PROMPT => Search the entries below for "Dress". Report each line where it occurs.
*** Opening DATA EXTRACTS ***
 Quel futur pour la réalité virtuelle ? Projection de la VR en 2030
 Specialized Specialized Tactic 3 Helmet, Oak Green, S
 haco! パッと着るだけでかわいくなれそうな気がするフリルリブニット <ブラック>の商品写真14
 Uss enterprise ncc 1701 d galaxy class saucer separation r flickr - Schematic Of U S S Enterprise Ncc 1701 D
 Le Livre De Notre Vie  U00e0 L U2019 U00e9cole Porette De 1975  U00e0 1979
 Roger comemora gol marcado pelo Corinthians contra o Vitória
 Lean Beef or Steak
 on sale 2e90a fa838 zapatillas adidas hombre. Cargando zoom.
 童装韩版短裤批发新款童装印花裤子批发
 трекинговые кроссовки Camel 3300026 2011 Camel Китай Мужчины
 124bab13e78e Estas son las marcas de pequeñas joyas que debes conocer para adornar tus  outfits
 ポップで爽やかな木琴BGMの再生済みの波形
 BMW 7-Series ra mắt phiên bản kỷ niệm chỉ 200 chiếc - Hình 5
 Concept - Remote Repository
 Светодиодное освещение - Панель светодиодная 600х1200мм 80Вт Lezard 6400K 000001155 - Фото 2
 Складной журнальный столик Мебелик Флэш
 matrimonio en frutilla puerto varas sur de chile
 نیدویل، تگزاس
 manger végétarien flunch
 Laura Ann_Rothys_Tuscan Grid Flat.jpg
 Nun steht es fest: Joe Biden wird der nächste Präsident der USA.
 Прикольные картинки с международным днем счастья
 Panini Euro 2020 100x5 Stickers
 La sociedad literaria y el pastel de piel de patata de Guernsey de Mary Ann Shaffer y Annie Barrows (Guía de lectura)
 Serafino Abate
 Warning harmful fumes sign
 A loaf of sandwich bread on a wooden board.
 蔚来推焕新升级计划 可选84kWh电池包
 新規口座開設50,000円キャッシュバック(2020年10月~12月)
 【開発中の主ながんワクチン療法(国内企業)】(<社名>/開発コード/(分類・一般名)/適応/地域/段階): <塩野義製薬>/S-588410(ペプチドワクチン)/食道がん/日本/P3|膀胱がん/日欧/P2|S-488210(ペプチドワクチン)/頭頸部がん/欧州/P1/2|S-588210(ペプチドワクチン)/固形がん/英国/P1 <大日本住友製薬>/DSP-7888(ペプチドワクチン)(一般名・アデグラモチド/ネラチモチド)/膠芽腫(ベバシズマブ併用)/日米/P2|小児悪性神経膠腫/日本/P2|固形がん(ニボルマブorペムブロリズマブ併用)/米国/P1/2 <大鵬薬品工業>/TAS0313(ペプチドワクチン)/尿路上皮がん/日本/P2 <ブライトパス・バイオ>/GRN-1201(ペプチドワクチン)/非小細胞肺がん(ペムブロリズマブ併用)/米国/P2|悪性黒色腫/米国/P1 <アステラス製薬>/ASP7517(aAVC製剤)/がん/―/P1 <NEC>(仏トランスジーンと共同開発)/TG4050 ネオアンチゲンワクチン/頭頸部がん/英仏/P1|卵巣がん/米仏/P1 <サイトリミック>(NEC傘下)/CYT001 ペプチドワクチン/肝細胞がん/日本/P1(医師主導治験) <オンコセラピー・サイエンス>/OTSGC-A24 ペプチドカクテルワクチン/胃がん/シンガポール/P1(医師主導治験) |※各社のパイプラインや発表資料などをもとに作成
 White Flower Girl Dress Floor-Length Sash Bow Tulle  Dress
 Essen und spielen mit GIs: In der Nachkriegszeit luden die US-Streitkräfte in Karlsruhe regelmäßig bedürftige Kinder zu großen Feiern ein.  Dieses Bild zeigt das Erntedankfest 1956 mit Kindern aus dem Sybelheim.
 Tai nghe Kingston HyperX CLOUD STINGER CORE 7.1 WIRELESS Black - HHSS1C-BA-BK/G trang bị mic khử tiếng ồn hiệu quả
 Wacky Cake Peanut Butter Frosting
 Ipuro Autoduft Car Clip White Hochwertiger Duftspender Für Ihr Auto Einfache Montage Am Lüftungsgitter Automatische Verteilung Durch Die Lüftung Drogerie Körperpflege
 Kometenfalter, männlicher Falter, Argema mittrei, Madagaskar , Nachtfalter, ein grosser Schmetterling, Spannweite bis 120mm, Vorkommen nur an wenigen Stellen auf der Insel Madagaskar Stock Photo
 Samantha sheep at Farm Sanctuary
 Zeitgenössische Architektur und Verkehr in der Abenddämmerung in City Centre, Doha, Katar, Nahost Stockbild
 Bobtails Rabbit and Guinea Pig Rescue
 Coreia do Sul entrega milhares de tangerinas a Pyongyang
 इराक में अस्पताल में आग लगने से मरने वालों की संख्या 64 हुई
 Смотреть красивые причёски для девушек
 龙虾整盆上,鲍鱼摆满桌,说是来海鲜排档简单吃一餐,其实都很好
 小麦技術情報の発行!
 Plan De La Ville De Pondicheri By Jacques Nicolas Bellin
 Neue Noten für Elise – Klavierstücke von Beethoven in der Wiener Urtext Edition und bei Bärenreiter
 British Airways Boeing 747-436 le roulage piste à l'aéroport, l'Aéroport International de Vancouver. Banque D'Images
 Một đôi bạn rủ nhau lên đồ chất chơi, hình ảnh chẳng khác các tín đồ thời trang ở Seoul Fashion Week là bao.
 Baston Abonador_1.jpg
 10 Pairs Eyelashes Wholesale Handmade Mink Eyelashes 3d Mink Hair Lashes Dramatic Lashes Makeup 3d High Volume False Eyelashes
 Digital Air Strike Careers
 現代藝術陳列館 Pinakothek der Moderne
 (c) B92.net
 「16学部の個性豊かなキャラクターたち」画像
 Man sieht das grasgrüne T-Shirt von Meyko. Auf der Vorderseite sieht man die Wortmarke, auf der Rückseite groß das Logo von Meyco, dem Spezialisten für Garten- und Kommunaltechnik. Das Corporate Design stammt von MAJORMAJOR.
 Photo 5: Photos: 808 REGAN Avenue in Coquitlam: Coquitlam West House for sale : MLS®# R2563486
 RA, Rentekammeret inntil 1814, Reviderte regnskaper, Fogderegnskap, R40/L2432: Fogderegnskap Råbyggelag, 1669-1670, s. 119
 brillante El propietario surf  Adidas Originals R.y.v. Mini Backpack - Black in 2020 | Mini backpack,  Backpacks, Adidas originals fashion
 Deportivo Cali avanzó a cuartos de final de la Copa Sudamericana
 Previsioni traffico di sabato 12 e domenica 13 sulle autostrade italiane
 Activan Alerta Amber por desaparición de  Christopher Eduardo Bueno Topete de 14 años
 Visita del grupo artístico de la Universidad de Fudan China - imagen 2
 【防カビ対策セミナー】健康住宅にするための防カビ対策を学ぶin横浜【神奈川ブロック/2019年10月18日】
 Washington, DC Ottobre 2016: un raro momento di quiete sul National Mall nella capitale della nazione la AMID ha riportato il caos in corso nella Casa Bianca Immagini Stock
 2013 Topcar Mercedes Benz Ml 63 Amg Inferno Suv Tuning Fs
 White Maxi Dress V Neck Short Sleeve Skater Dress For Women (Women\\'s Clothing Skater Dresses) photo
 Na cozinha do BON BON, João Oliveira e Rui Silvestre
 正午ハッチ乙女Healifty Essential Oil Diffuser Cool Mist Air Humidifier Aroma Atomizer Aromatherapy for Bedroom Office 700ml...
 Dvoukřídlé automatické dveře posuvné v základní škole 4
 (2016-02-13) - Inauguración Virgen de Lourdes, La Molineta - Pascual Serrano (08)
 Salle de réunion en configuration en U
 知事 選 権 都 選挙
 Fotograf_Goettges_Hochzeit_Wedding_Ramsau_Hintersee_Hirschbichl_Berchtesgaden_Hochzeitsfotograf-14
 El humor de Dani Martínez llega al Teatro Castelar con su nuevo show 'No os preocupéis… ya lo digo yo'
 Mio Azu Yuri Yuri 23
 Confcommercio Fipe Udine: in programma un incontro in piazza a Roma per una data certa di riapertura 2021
*** Closing DATA EXTRACTS ***
YOUR SOLUTION =>
 White Flower Girl Dress Floor-Length Sash Bow Tulle  Dress
 White Maxi Dress V Neck Short Sleeve Skater Dress For Women (Women\\'s Clothing Skater Dresses) photo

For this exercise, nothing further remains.